FAK, focal adhesion kinase; PTK2, protein tyrosine kinase 2; PDK1, 3-phosphoinositide-dependent kinase 1; PLC-γ1, phospholipase C-γ1; PKC, protein kinase C.

b

GAP, GTPase-activating protein; GEF, guanine nucleotide exchange factor.

Real-time PCR analysis.

HeLa cells in 24-well plates were used for analysis of gene expression about 48 h after transfection with siRNAs. Cells were washed twice in phosphate-buffered saline (PBS), and a TaqMan Gene Expression Cells-to-CT kit (Applied Biosystems) was used to prepare cell lysates and cDNA. When lysates were prepared, DNase was included in order to eliminate genomic DNA. In each experiment, a single sample of cells was used for each condition involving no siRNA, a control siRNA, or siRNAs targeting a particular human gene.

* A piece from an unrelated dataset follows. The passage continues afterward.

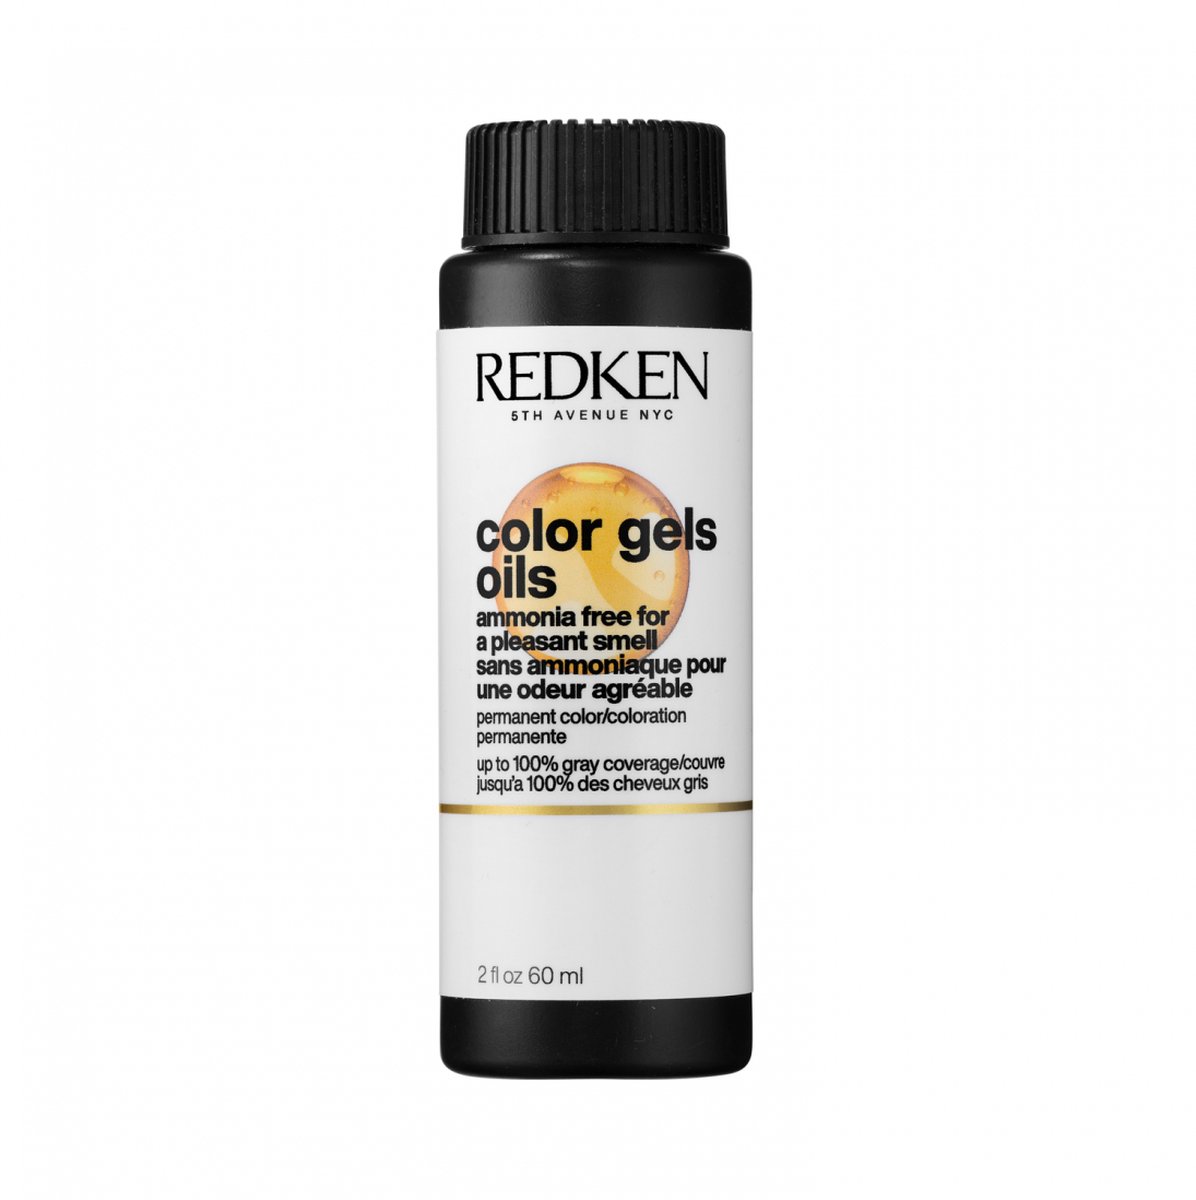 Redken Color Gels Oils 8N 60ml

Real-time PCR was performed in triplicate on each cDNA sample using an ABI 7500 or ABI 7900 instrument (Applied Biosystems). The TaqMan gene expression assay probes used for each of the 64 target genes in the human type IA PI 3-kinase pathway are listed in Table S1 in the supplemental material. Each of these probes spans exon-exon junctions and should not detect genomic DNA. The glyceraldehyde-3-phosphate dehydrogenase (GAPDH) gene (gene expression assay Hs99999905_m1; Applied Biosystems) was used as an endogenous control. Threshold cycle (CT) values for the 64 target genes ranged from 23 to 32 in the various experiments. CT values for the GAPDH endogenous controls were typically between 18 and 19. Data were analyzed by the comparative CT method (57), whereby CT values for target gene expression were normalized to those for GAPDH. Relative quantity (RQ) values were calculated as 2−ΔΔCT. To obtain the relative expression values shown in Fig. 2 to 4, the RQ values in a given experiment were normalized to the value in cells treated with nontargeting control siRNA 1 (NTC1). The relative expression values in Fig. 5 were obtained by normalization to RQ values in cells mock transfected in the absence of siRNA (“no-siRNA” condition). The data in Fig. 2 to 5 are means ± standard errors of the means (SEM) from 3 to 7 independent experiments, depending on the gene and siRNA condition.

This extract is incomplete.